The composites of surface wind anomalies for the different BSISO phases (phase 1 to phase 8) during JJA are illustrated in Fig. 2. We initially analyzed the wind speed anomalies for the eight phases of BSISO for a better understanding of wave response to BSISO. The prominent northeasterly wind anomalies over NIO and Indian subcontinent region are seen in phase 1 of BSISO (Fig. 2a). On the contrary to this, the southern tip of India region displays noticeable northwesterlies during phase 1. During phase 2 and phase 3, also easterly wind anomalies are predominant over NIO and Indian peninsula region but with stronger anomalies compared to phase 1 (Fig. 2a–c). The surface wind anomalies in phase 1–3 show a northward propagation over the NIO with weaker eastward propagation from the AS to the northwest Pacific. Phase 4 shows a reversal of wind anomalies (turned northeasterly to southwesterly) in the southwestern AS and weakening of northeasterly wind anomalies over NIO (Fig. 2d). The southwesterly wind anomalies developed in the southwestern AS in phase 4 gets strengthened and propagate northeastward over to northwest Pacific during phase 5–7 (Fig. 2e–g). In phase 7, northwest Pacific region displays strong southwesterly wind anomalies ~ 2 m/s and it also indicates the eastward propagation of wind anomalies as a response to BSISO. Phase 8 shows reversal of wind anomalies in southwestern AS (turned southwesterlies to northeasterlies) and weakening of southwesterly wind anomalies over NIO (Fig. 2h). Over the southern tip of India and in the equatorial central Indian Ocean (60°E–80°E), westerly (easterly) wind anomalies prevail during phase 2 and phase 3 periods (phase 5 to phase 7). In short, the southwesterly anomalies develop in the southwestern AS in phase 4 shifts into the BOB and maritime continents in phase 5, and propagate over the northwestern Pacific Ocean through phases 6–8. Meanwhile, northeasterly wind anomalies build up over the southwestern AS in phases 8 propagate over the Maritime Continent and BOB in phase 1 and extend across the northwestern central Pacific in phases 2 and 3. BSISO phases 1–3 shows suppressed winds over AS, BOB, western TSIO and western Pacific (Fig. 2a–c), whereas phases 5–7 feature strong westerlies over the said regions (Fig. 2e–g). Phases 4 and 8 appear as transition phases for these regions.

Figure 2.

Figure 2

Composites of surface wind anomalies (shaded and vector; m/s) for (a)–(h) 8 BSISO phases. This figure is generated using PyFerret software (https://ferret.pmel.noaa.gov/Ferret).

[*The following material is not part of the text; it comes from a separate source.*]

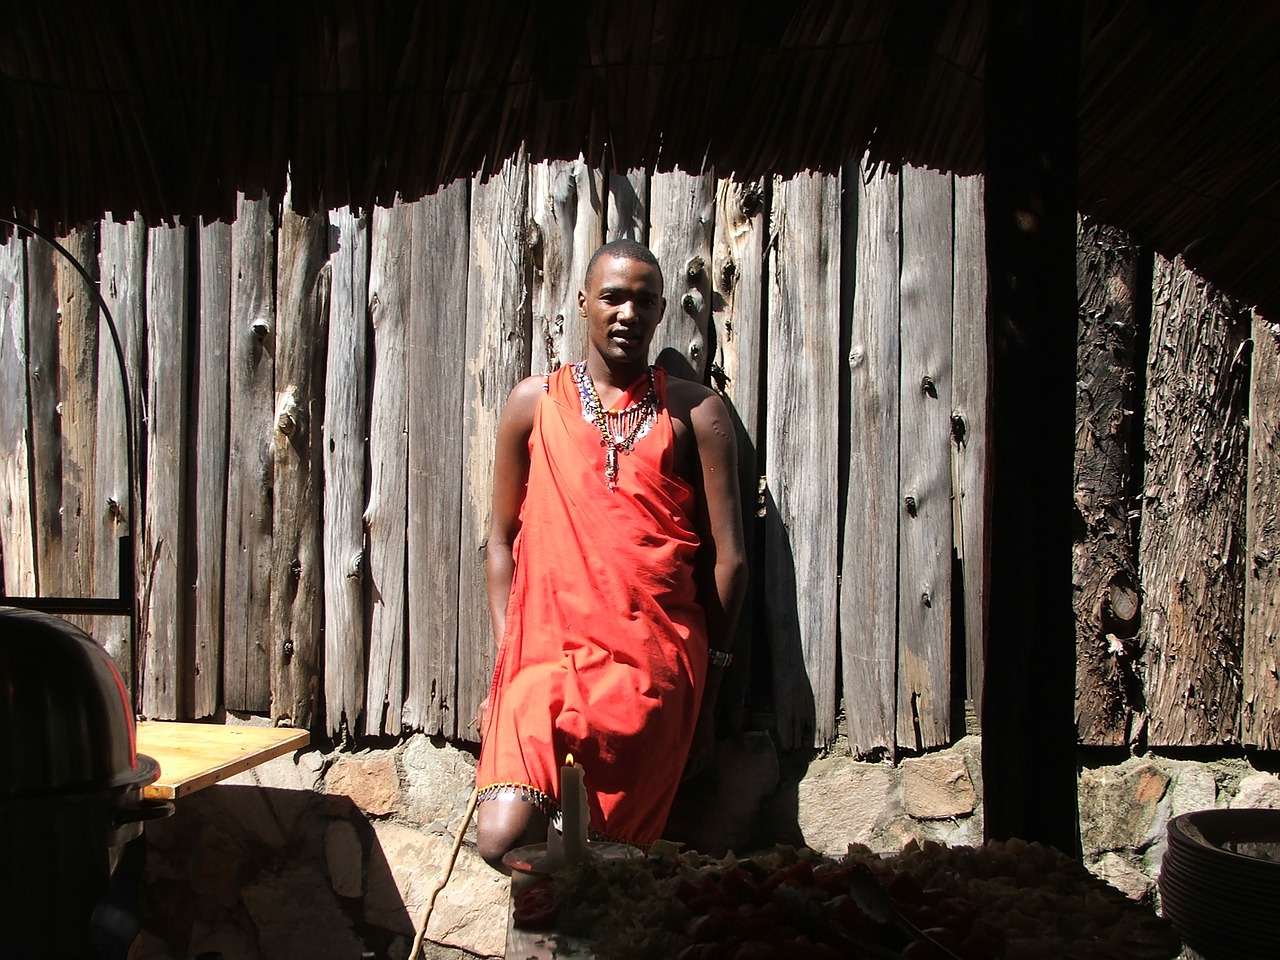 Masai, Karys, Afrika, Kenya, Kultūra, Gentis, Juoda, Etninis, Tradicinis, Tradicija
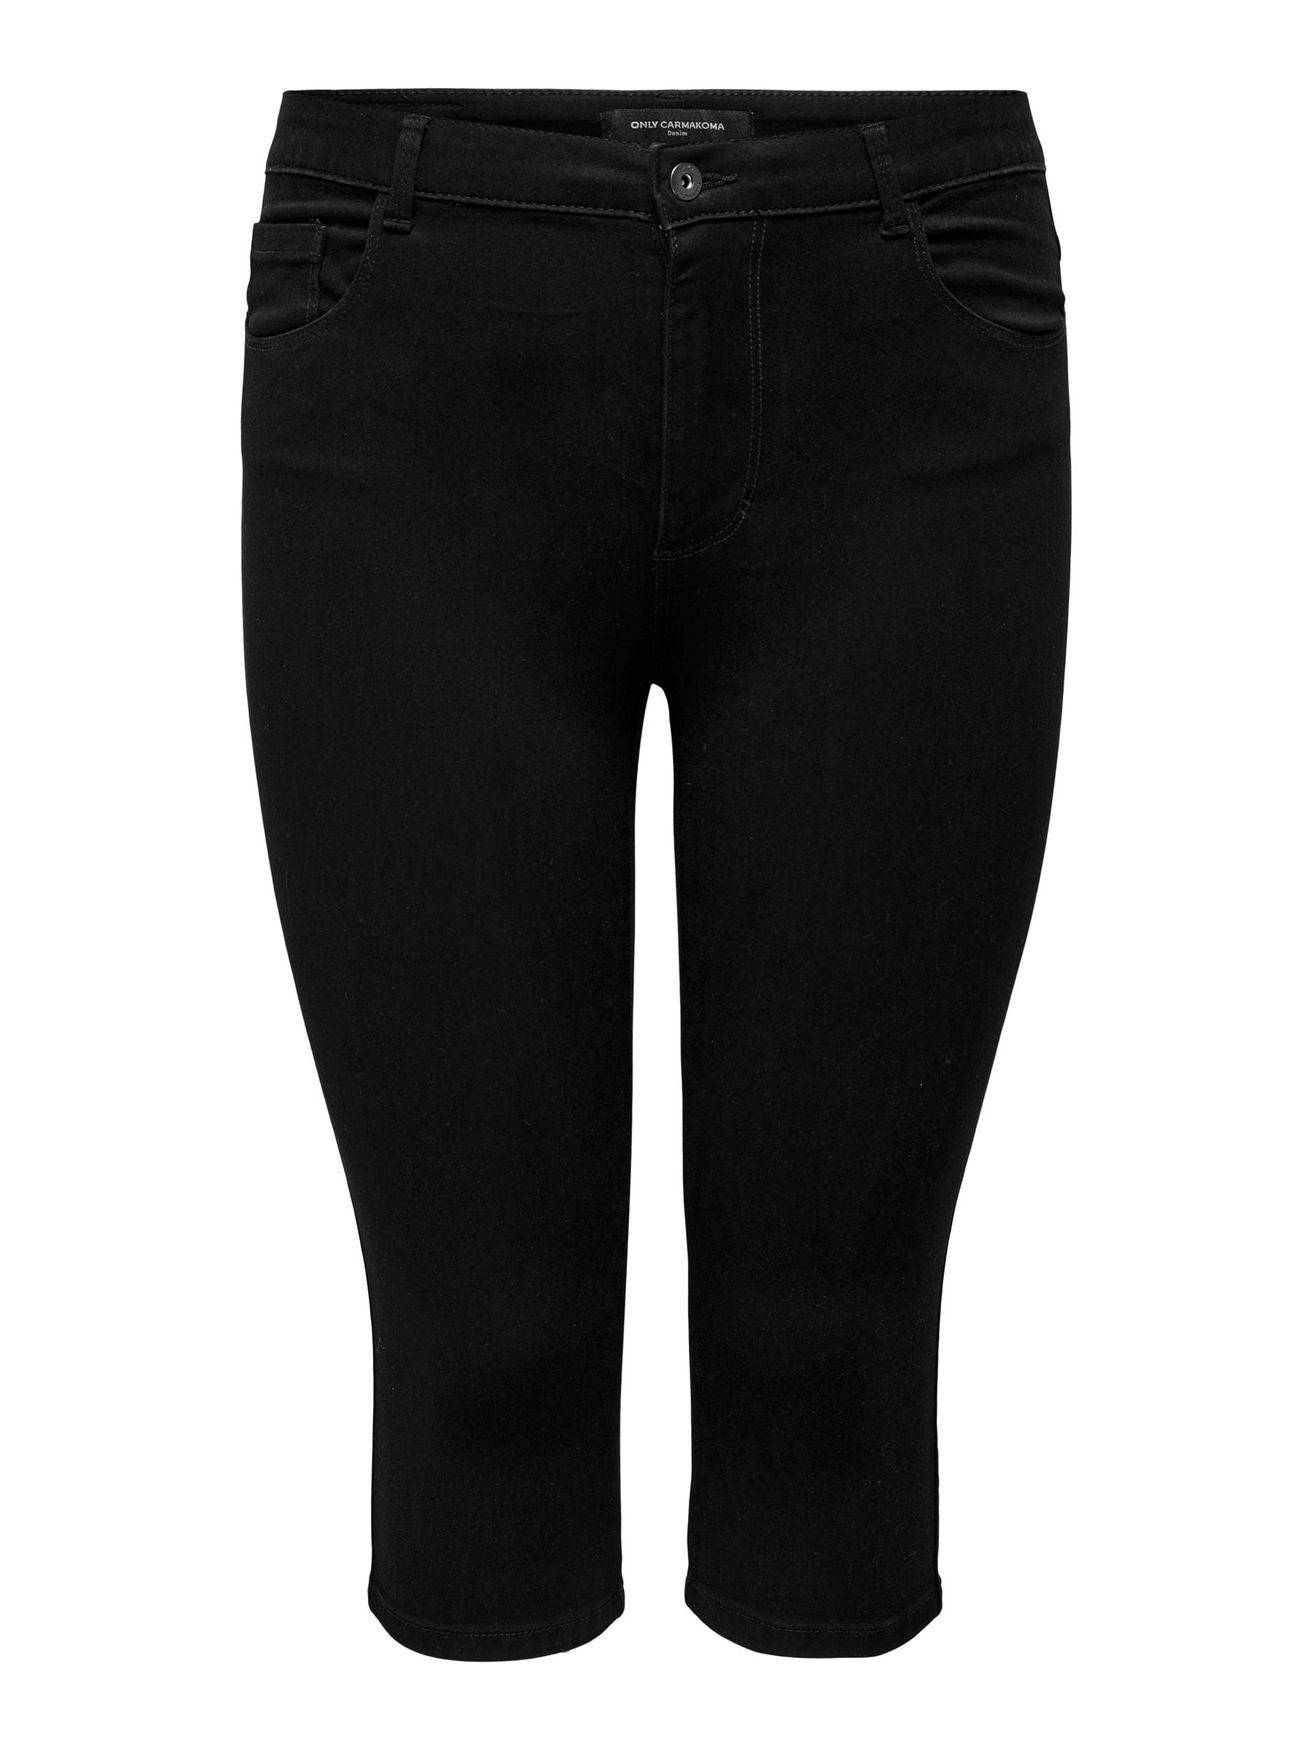 Caprihose Jeans Übergröße Denim Hose CARAUGUSTA Shorts Schwarz 3/4Capri in CARMAKOMA Plus ONLY Size 4794

The response of wave heights to the BSISO induced wind anomalies for the Indo-western Pacific Ocean is explored using the composites of SWH anomalies for different BSISO phases (Fig. 3). The strong negative SWH anomalies over western AS and moderate negative anomalies over BoB are noticed during the phases 1 to 3. The significant negative SWH anomalies with strong northward and weak eastward propagation from the western AS to northwest Pacific are identified during phases 2 and 3 as a response to BSISO. During phase 1–3, northeasterly wind anomalies were acting on mean southwesterly winds which caused the significant reduction of wave growth by ~ 50 cm over the Indo-western Pacific region (Figs. 1a, 2ac). The composites of anomalies of normalized energy flux transfer from the wind to waves are displayed in Fig. 4 and the reduced energy flux into waves further supports the reduction (increase) of wave heights over NIO during the phases 2–3 (phase 5–7) (Fig. 4b–c, e–g). Most of the northern Indo-western Pacific region SWH anomalies are negative (~ 50 cm) with negative anomalies of energy flux transfer into waves from the winds where BSISO northeasterly anomalies act on mean state southwesterly winds during phases 1–3. Conversely, SWH anomalies are positive (~ 50 cm) with positive anomalies of energy flux transfer to waves where BSISO southwesterly anomalies act on mean state southwesterly winds during phases 5–7. Therefore, it is important to point out that the intraseasonal variability in the wave heights is highly modulated by the energy transfer into waves from the winds during JJA in response to the BSISO mode.

Figure 3.

Figure 3

Composites of significant wave height anomalies (shaded; m) for (a)–(h) BSISO 8 phases. This figure is generated using PyFerret software (https://ferret.pmel.noaa.gov/Ferret).

Figure 4.

Figure 4

Composite anomalies of normalized energy flux into waves (shaded; Nms−1) for (a)–(h) BSISO 8 phases. This figure is generated using PyFerret software (https://ferret.pmel.noaa.gov/Ferret).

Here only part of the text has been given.